14 DAY TRIAL // WikiLeaks has published new documents revealing CIA’s hacking tools, this time aimed at Windows and Linux SSH clients.
Specifically, the leaked papers reveal that the agency turned to software called BothanSpy and Gyrfalcon to steal user credentials for active SSH sessions, with both Windows and Linux said to be targeted.
First of all, it’s BothanSpy, which WikiLeaks says has been aimed at hacking Xshell, a popular SSH client for Windows. This hack allowed the CIA to steal username and passwords extract from password-authenticated SSH session, as well as usernames, filename of private SSH key and key password in the case of public key authentication.
“BothanSpy can exfiltrate the stolen credentials to a CIA-controlled server (so the implant never touches the disk on the target system) or save it in an encrypted file for later exfiltration by other means. BothanSpy is installed as a Shellterm 3.x extension on the target machine,” WikiLeaks says.

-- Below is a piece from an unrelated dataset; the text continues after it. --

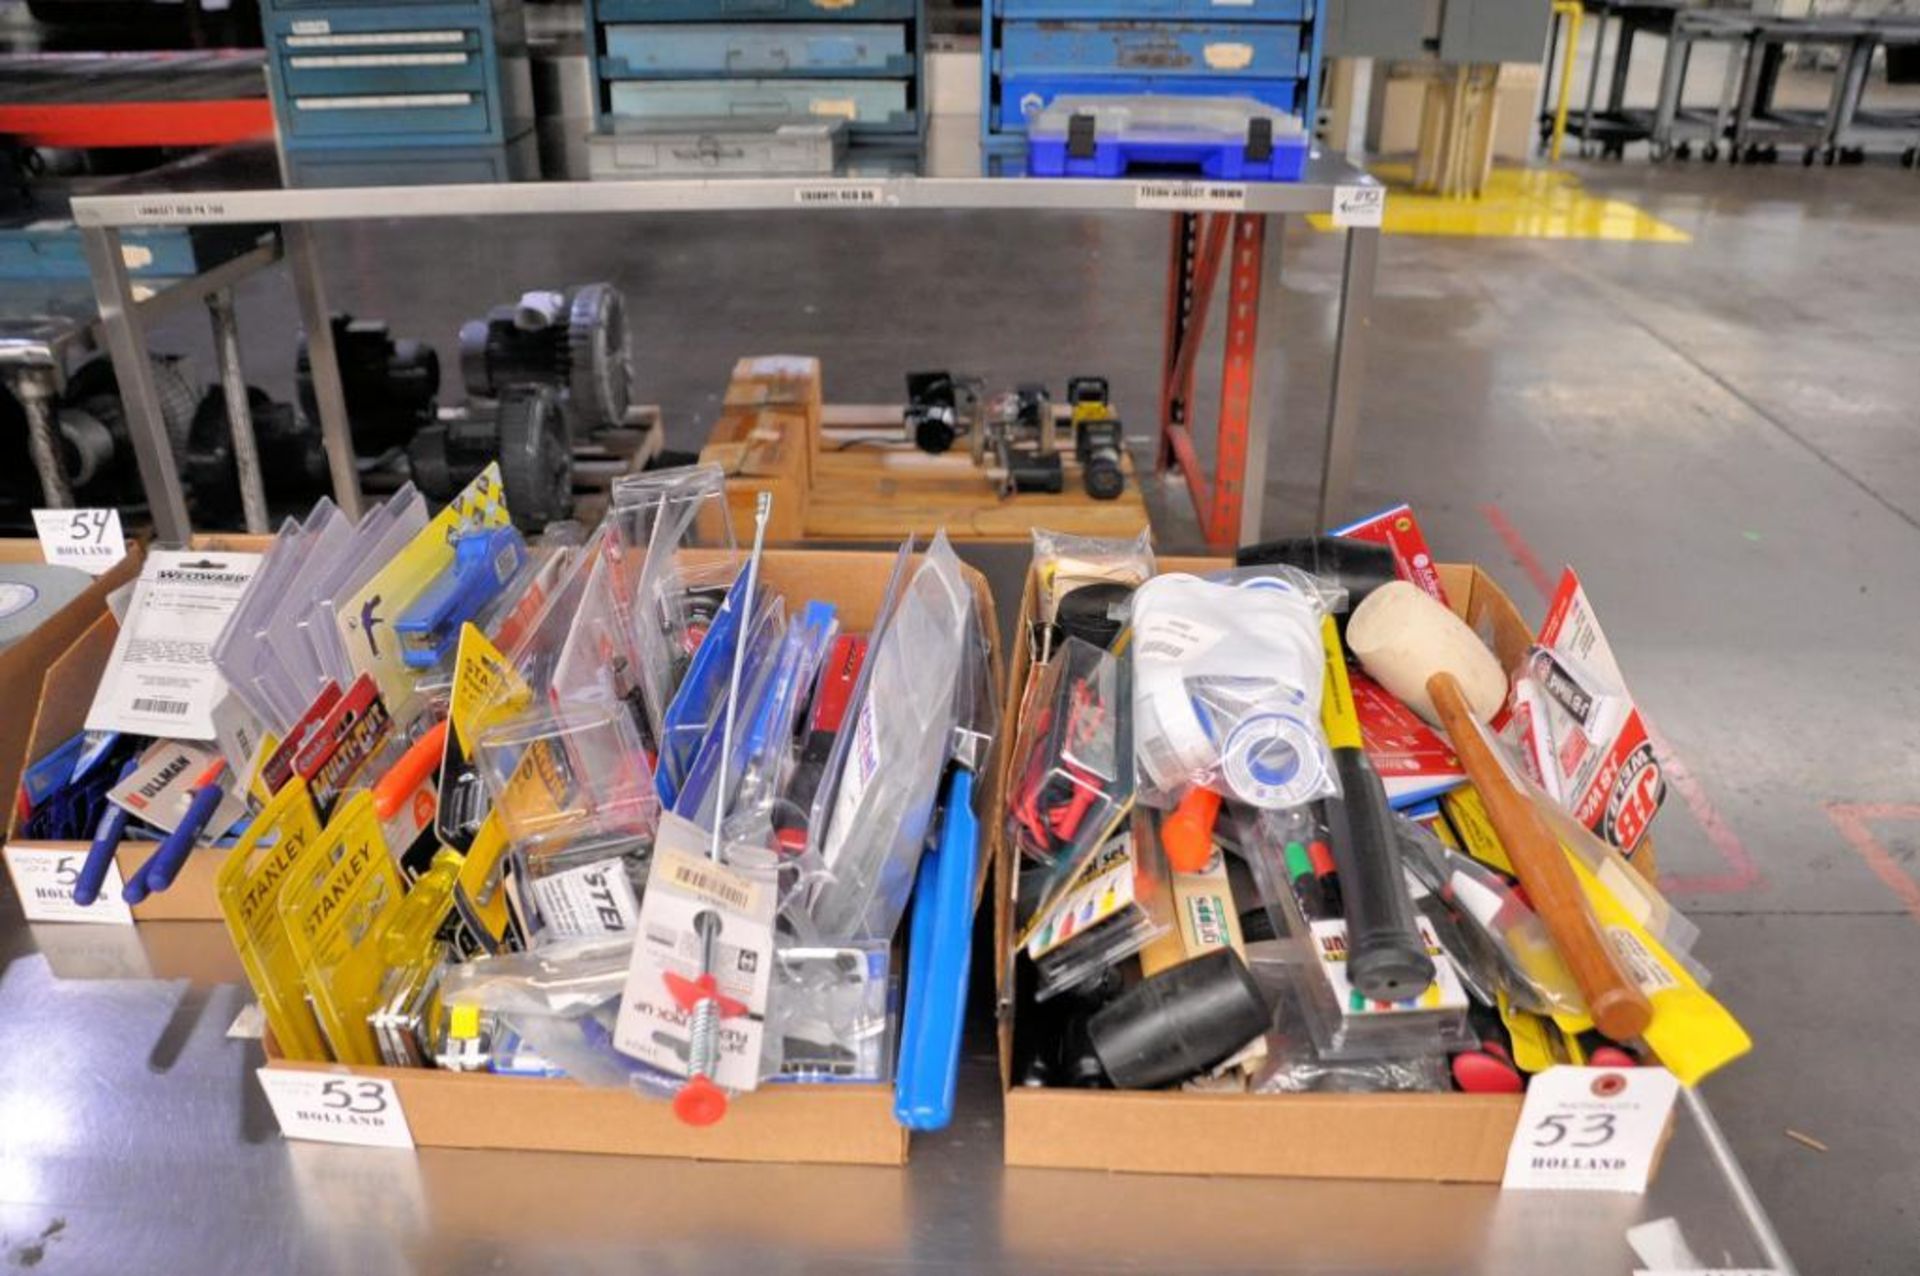 Lot - Mallots, Tweezers, Putty Knives, Utility Blades, Channel Locks, Tape Measures, Pliers

Linux systems also attacked after previously infected
In the case of Gyrfalcon, this hacking tool was aimed at OpenSSH client for Linux, with all popular platforms said to be affected, including Ubuntu and SUSE. Once again, user credentials can be stolen, and WikiLeaks claims that some other data can also be accessed before being placed in an encrypted file to be later transmitted to the CIA.
“The implant can not only steal user credentials of active SSH sessions, but is also capable of collecting full or partial OpenSSH session traffic. All collected information is stored in an encrypted file for later exfiltration. It is installed and configured by using a CIA-developed root kit (JQC/KitV) on the target machine,” today’s leak reveals.
In other words, CIA agents can use Gyrfalcon only after compromising the Linux system with the rootkit, though previous leaks have also shown that the agency has several other hacking tools that could be used to break into a computer.